• [What you will do]: Using the listing below, give again exactly the lines from the line with "Журнал/Какие опасности (и" to the line with "Site-vitrine-pour-un-hotel-restaurant-webexperts-bordeaux", inclusive, without the pictures.

• [Provided entries]:
....................
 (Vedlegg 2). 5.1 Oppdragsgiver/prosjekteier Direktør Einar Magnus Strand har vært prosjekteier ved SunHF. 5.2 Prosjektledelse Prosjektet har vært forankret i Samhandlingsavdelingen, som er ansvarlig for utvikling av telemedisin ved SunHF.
....................
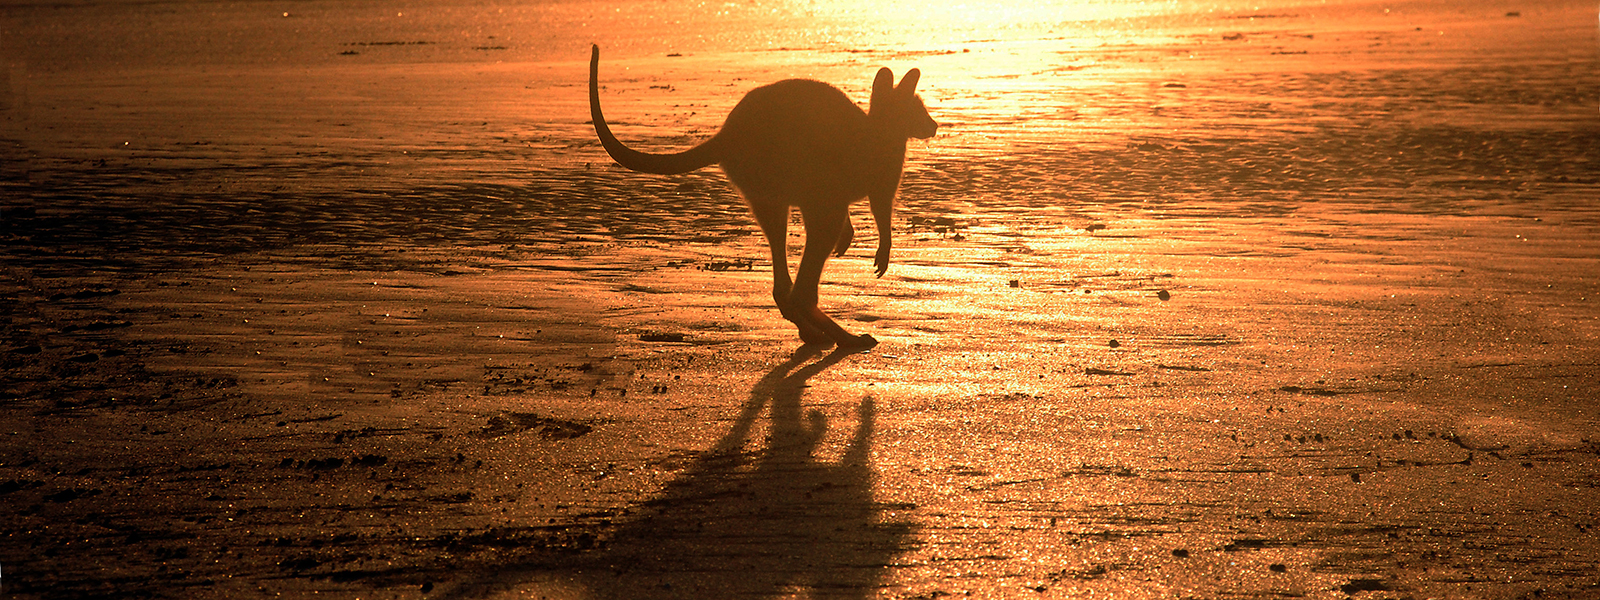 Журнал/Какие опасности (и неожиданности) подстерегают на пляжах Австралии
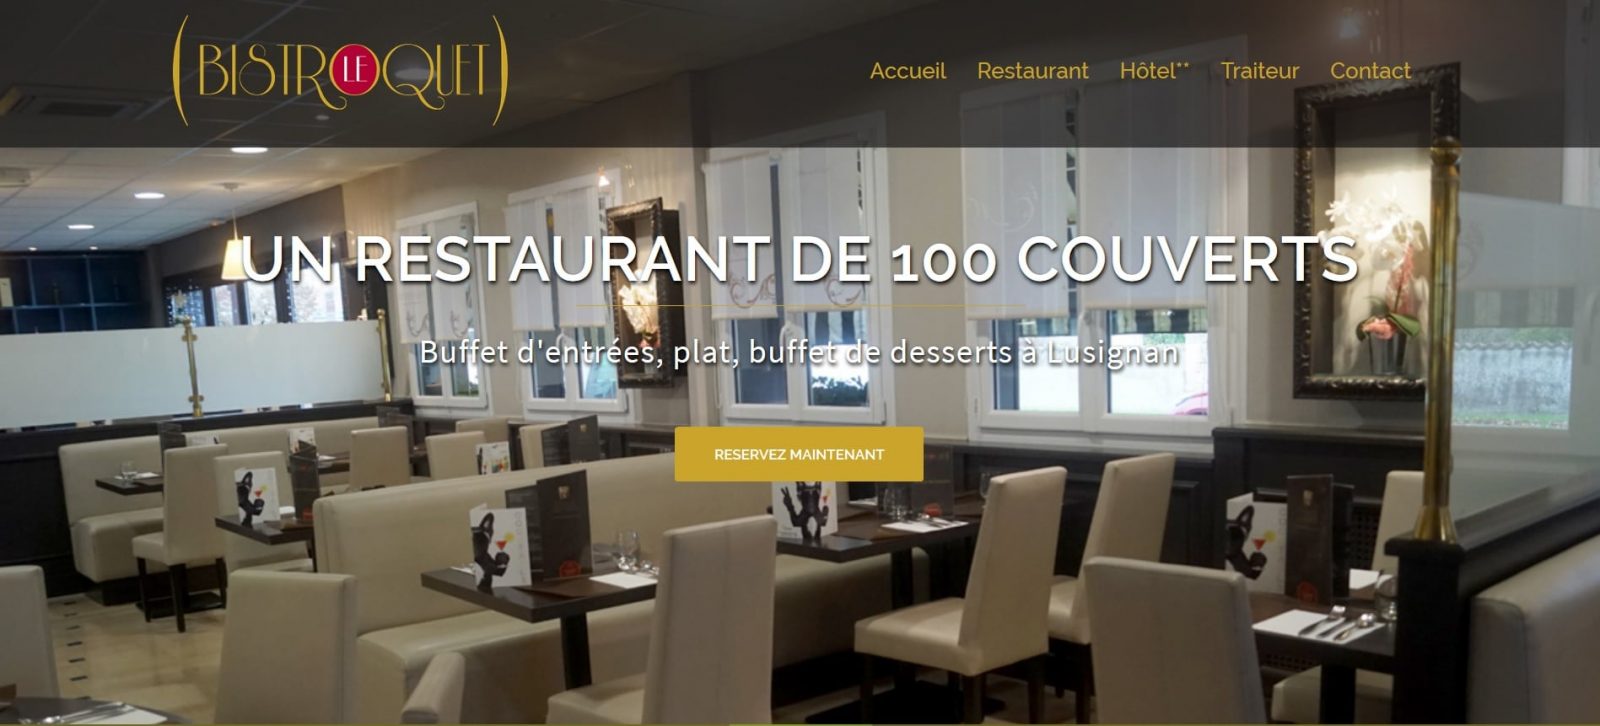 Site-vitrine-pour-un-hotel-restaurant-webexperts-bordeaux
....................
• [Worked solution]:
 Журнал/Какие опасности (и неожиданности) подстерегают на пляжах Австралии
 Site-vitrine-pour-un-hotel-restaurant-webexperts-bordeaux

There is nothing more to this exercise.